As if summoned by this thought, a face loomed into view, staring down at him, merciless despite her chosen name.

“Guan-yin,” he mumbled. He lifted a hand toward her, but with a tremble, he dropped it, too weak. “Pak has my wife . . . my unborn son.”

Her face remained impassive, as hard as the scales on her dragon, not accepting his excuse.

“I’m sorry,” he gasped out, tasting blood on his lips. “I . . . I love them so much . . . please help them.”

“Why should I help you? After what you’ve done?”

“I tried . . . how I could . . . to help.”

A single line creased her brow.

“How did you think you found us?” he said, gasping around a twinge of pain. “Tracked Pak and me to this island?”

“Like you, I have ears everywhere. I heard you left North Korea for Mongolia. So I followed, trailed you. I knew you must still be going after—”

He cut her off. “Who do you think spoke to those many ears of yours? I told them to speak to you.”

It was the truth. Ju-long had to be discreet while with Pak. Using the excuse of monitoring the assassin’s tracker, he was able to regularly call Macau and manipulate matters from afar. While he could not raise his own army in Macau without alerting the North Koreans and risking his pregnant wife’s life, he attempted to raise another, to stoke the hatred of Guan-yin to come to his aid.

He remembered the surprise of the sword piercing his chest.

Apparently he had stoked that hatred too well.

A small miscalculation.

“I drew you here to kill Pak, possibly to free me,” he said with a small laugh full of blood. “To perhaps mend our fences in the end.”

Now all that matters is my beautiful Natalia . . . and the son I will never see . . .

Guan-yin leaned back.

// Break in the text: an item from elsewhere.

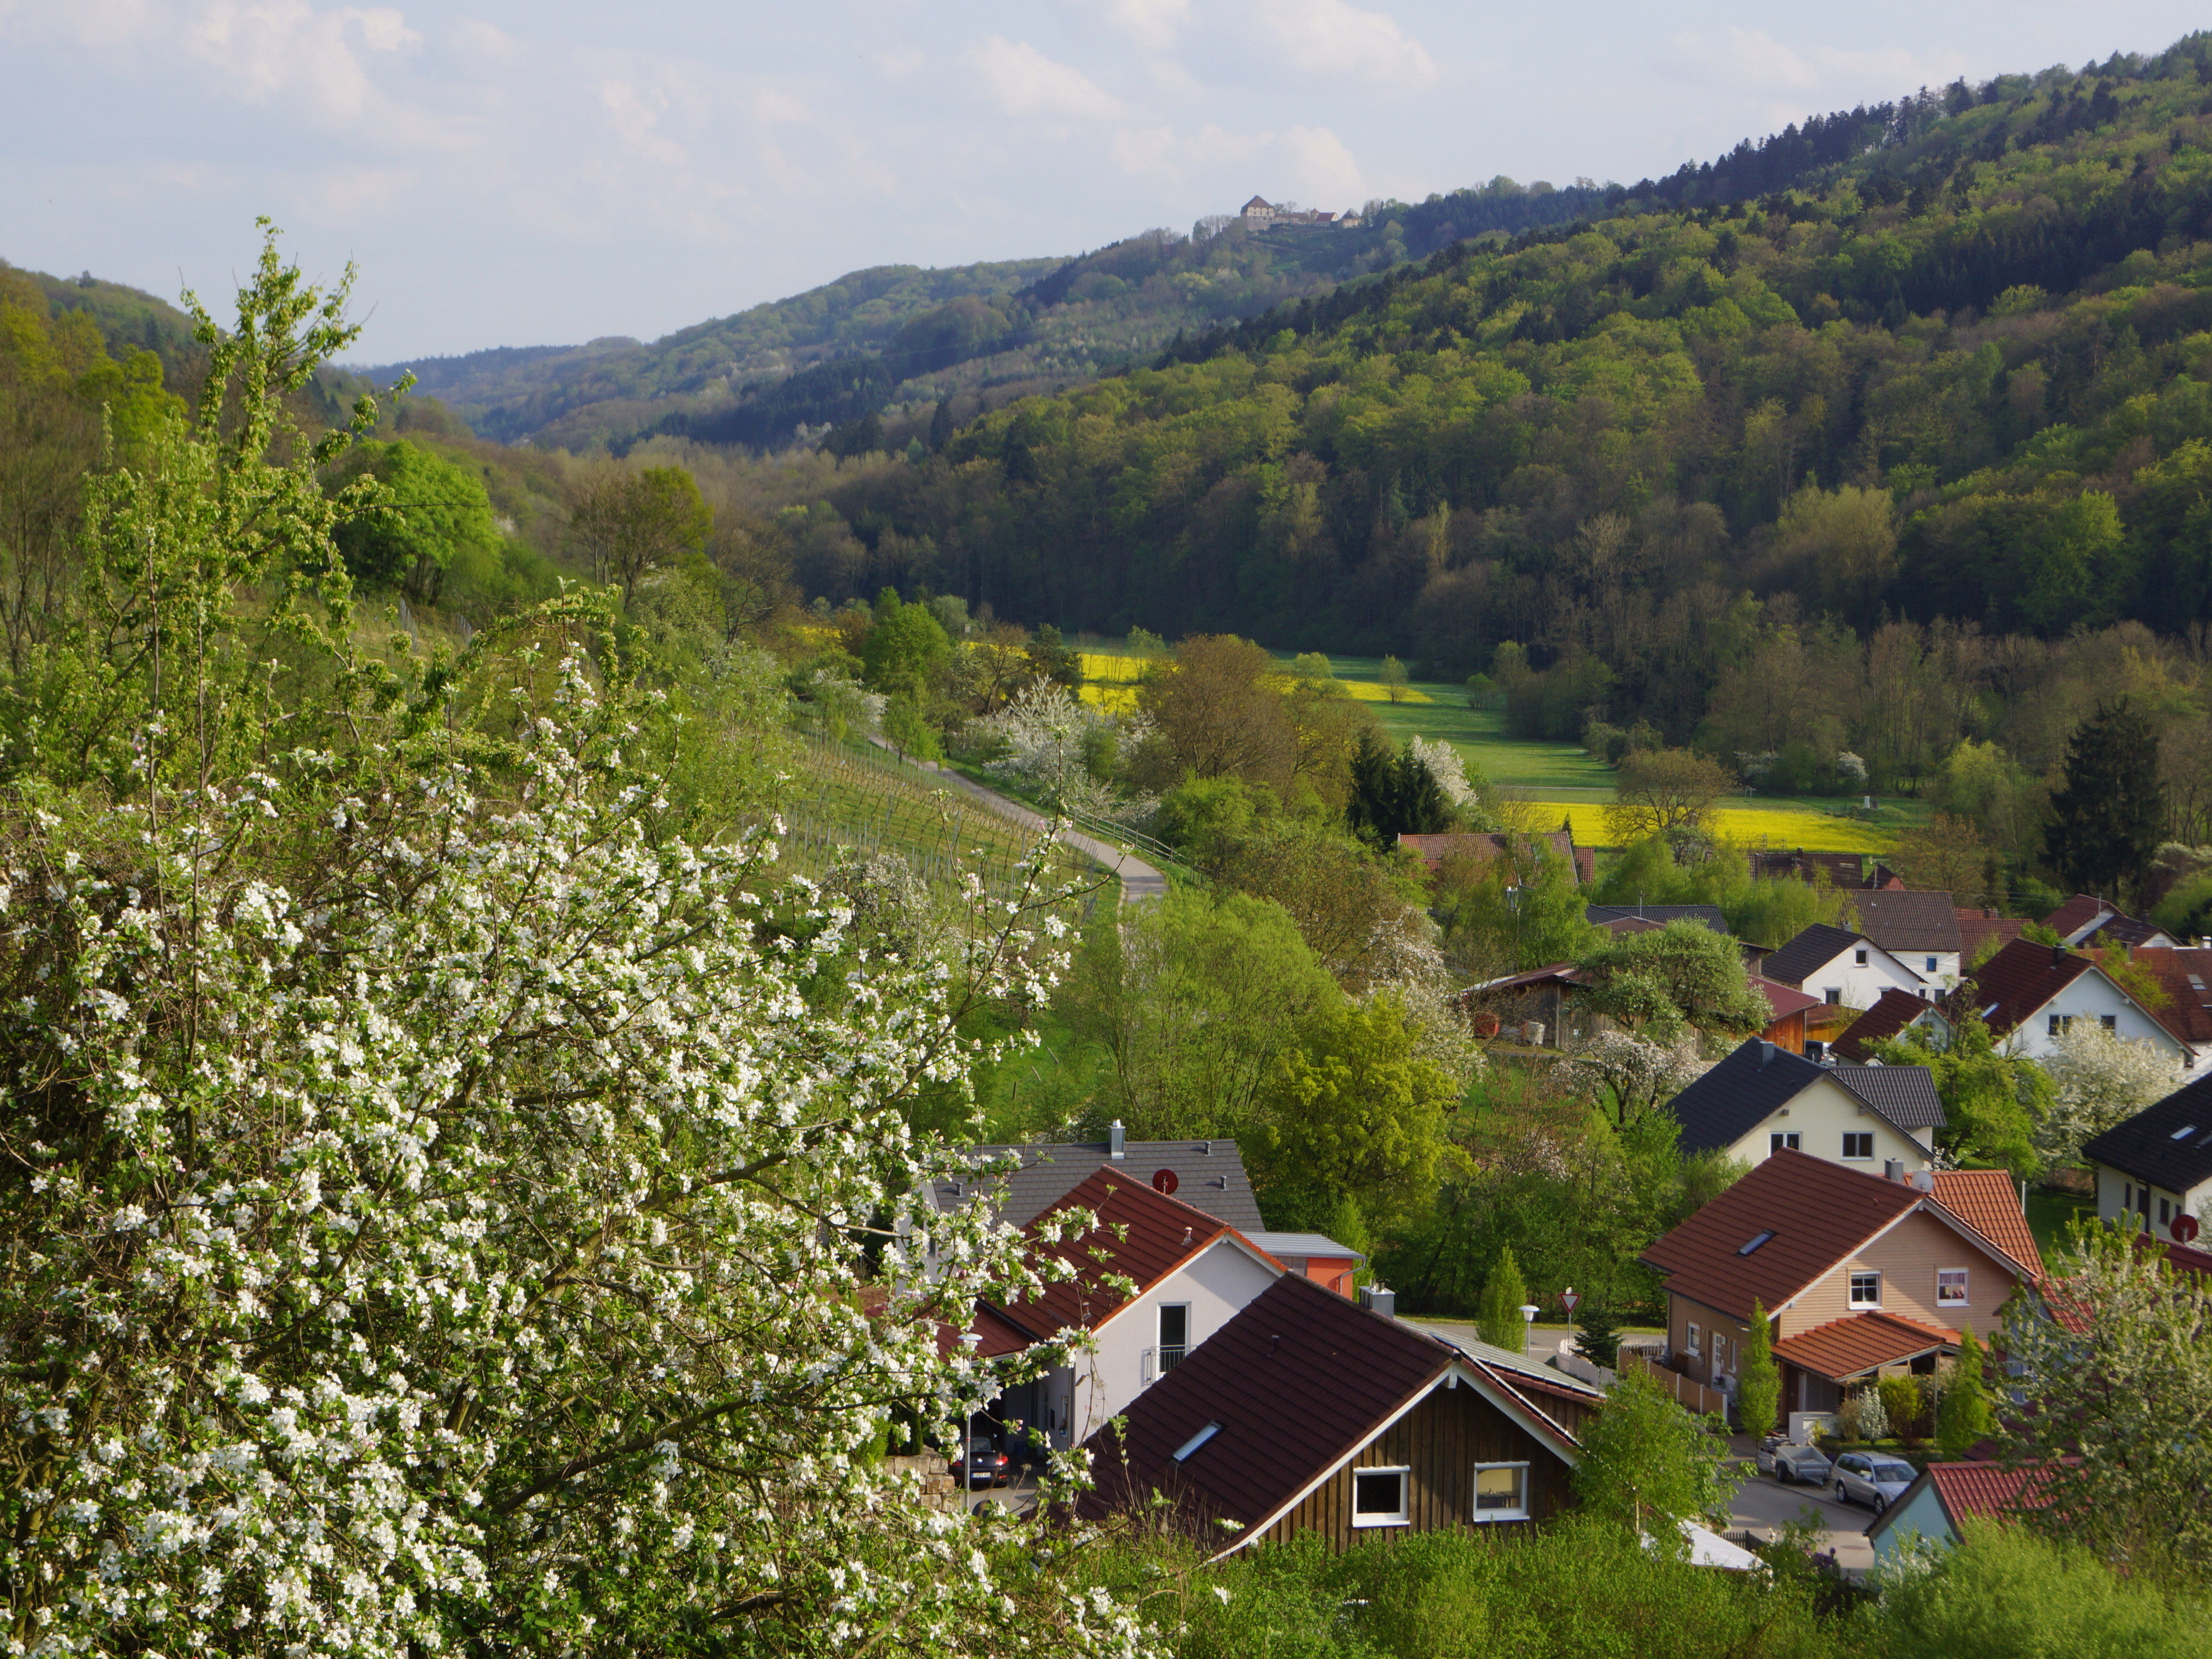  Blick von Geddelsbach zur Burg Maienfels

He saw she believed him. Still, was that enough for her to help? She was not known for the quality of her mercy.

“I will find them,” she finally promised. “I will free them.”

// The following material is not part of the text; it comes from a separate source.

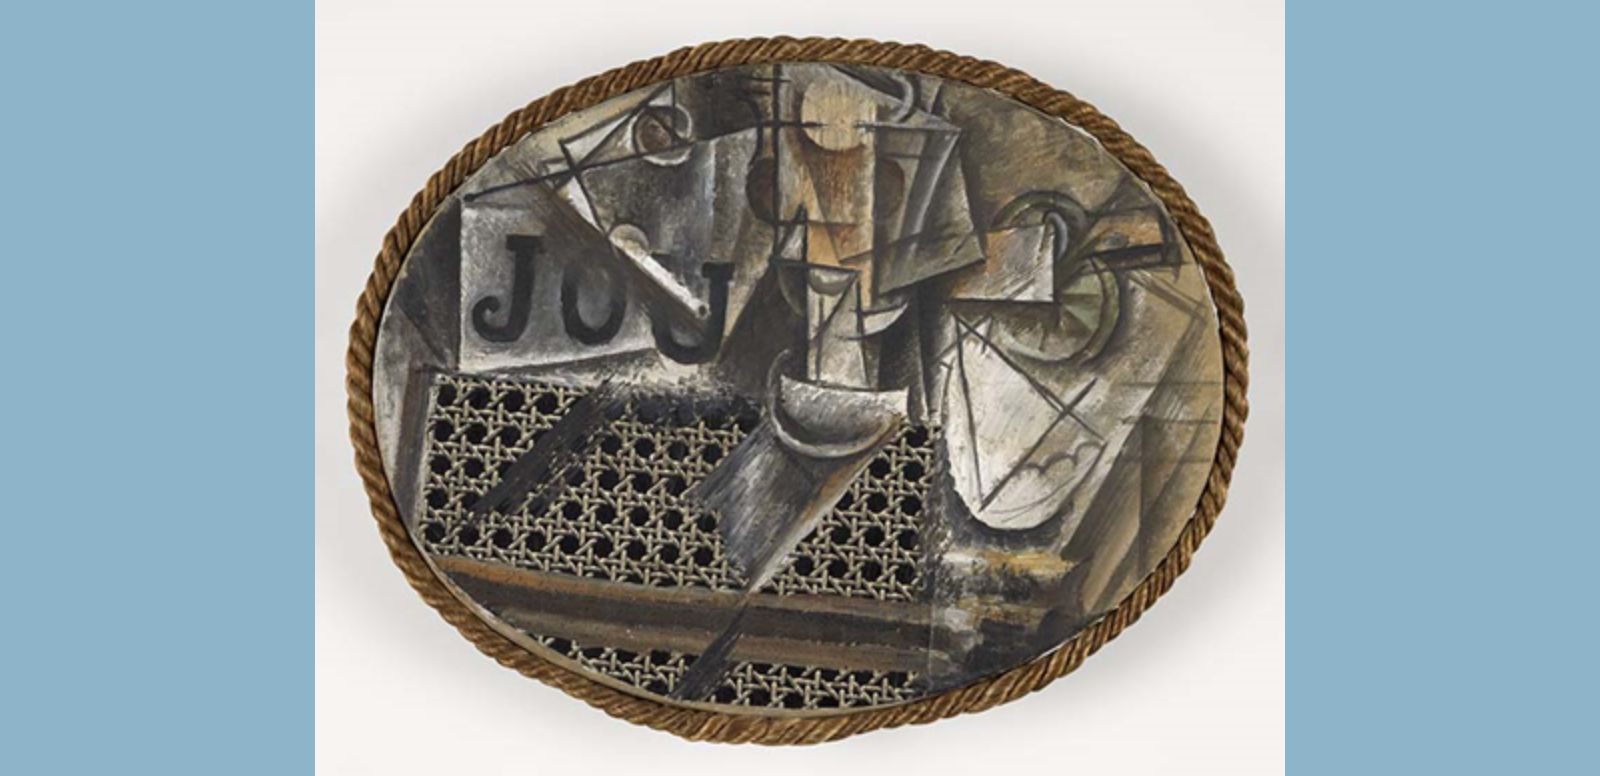 Pablo Picasso, “Naturaleza muerta con silla de rejilla”, 1912

A single tear of relief rolled down his cheek. He knew she would not fail him.

Thank you.

With this burden lifted from him, he allowed his eyes to close—but before they did, another face appeared next to Guan-yin, the pretty assassin who had caused so much trouble.

Only then did he see the resemblance.

One next to the other.

Mother and daughter.

He now understood the cause of his small miscalculation. In the end, it had never been about money or turf—only family.

No wonder you stabbed me.

Finally recognizing the error of his ways, his own silent laughter followed him into oblivion.

9:56 A.M.

“So that’s how you knew how to find us,” Gray said, standing behind Seichan and her mother, eavesdropping on the conversation.

He carried a pistol and guarded over them, as Monk and Kowalski helped the rest of the Triad mop up the situation on the ice.